Israel’s offshore Tamar gas field may get a $1.5-$2 billion upgrade, including the construction of an underwater pipeline to an export plant in Egypt run by Spain’s Union Fenosa Gas (UFG).
The Tamar group plans to expand production capabilities with new wells, platform upgrades and a pipeline to Egypt if a final supply deal with UFG is signed, Israel’s Delek Drilling, one of the partners, said on Thursday.
Tamar has been supplying Israel with natural gas since coming online last year, and in May the partners signed a non-binding agreement to deliver about 4.5 billion cubic meters of gas a year for 15 years to UFG’s liquefied natural gas terminal in Egypt.

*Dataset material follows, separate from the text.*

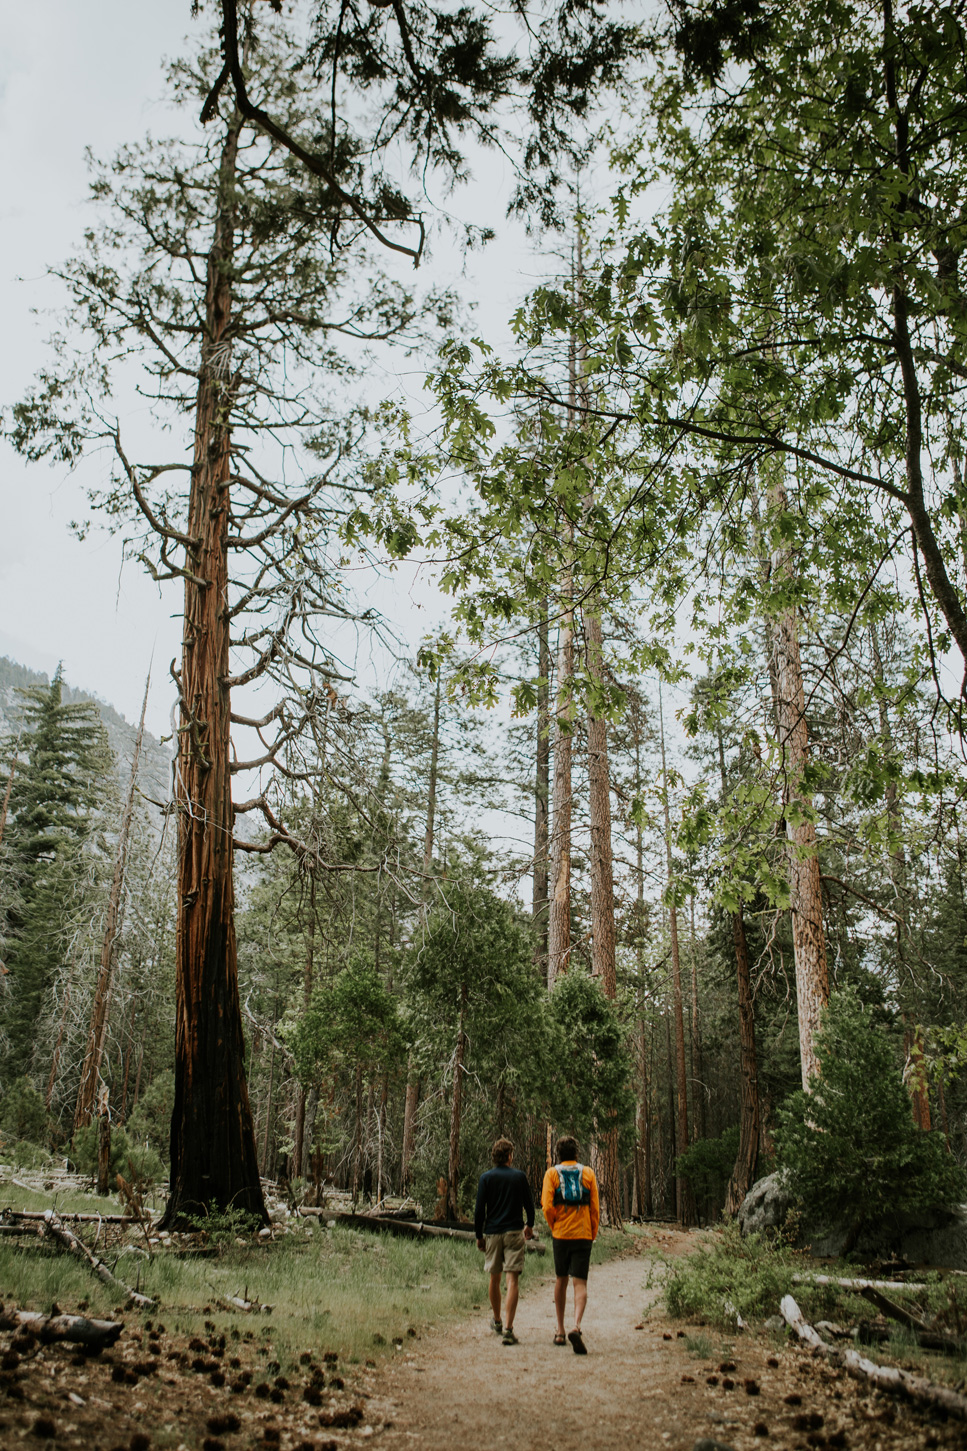 CindyGiovagnoli_Sequoia_KingsCanyon_National_Park_California_forest_fire-025.jpg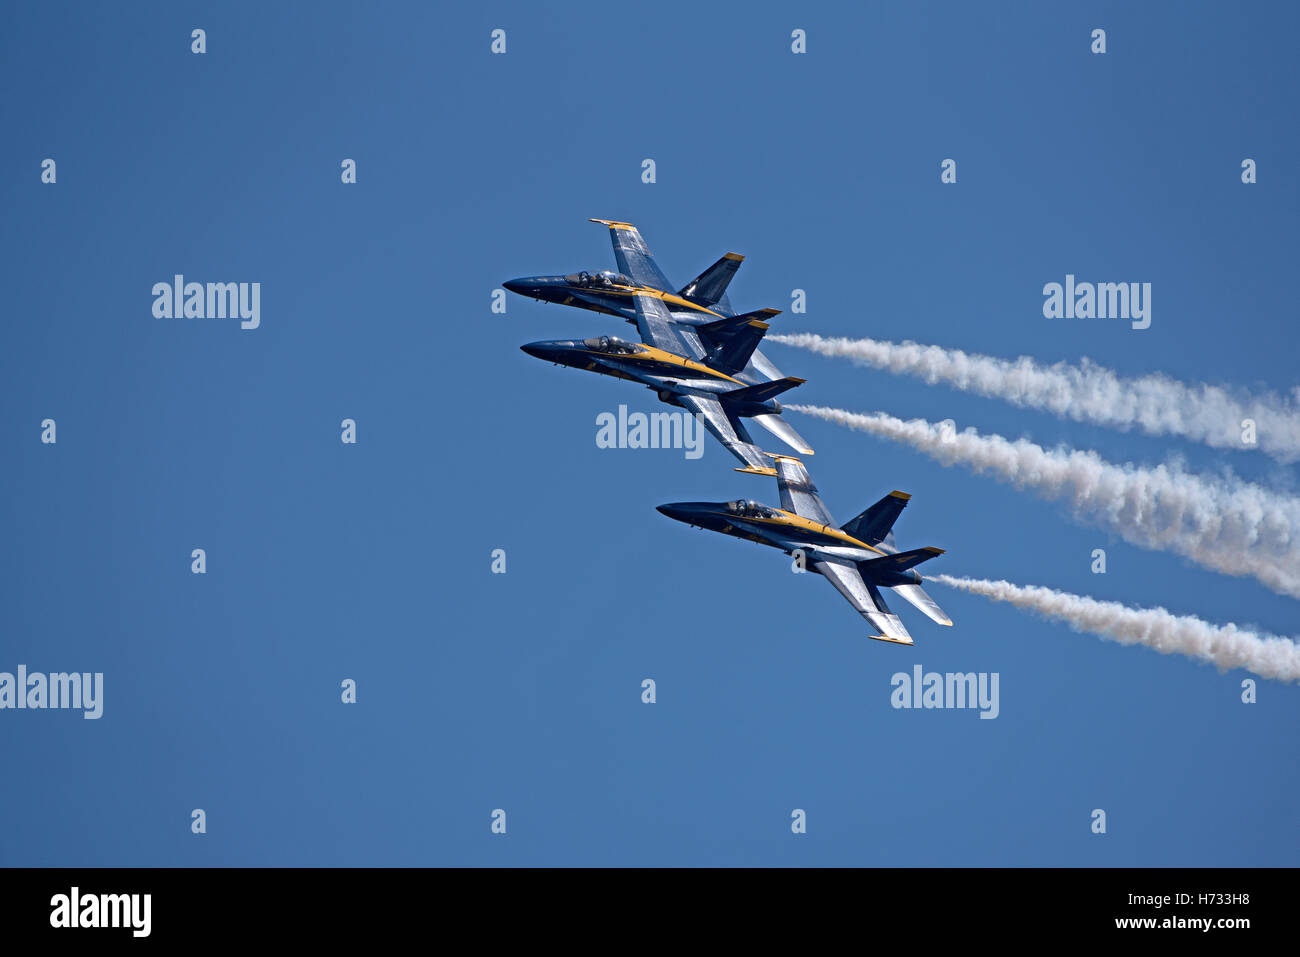 NAS Pensacola Florida USA  Blue Angels FA 18 Hornet jets in flight over their Pensacola base Stock Photo

UFG’s plant in Damietta has been idle since 2012 when gas shortages in Egypt led the government to divert supplies to its growing domestic needs.
If the deal is finalised, the U.S.-Israeli group running Tamar would cover pipeline costs up to the maritime border with Egypt and UFG would pay for the rest, Delek Drilling said in its quarterly report.
Total cost would be between $1.5-$2 billion, the company said, and supplies to Egypt would start flowing in 2017.
Union Fenosa Gas is a joint venture between Spain’s Gas Natural and Italy’s Eni.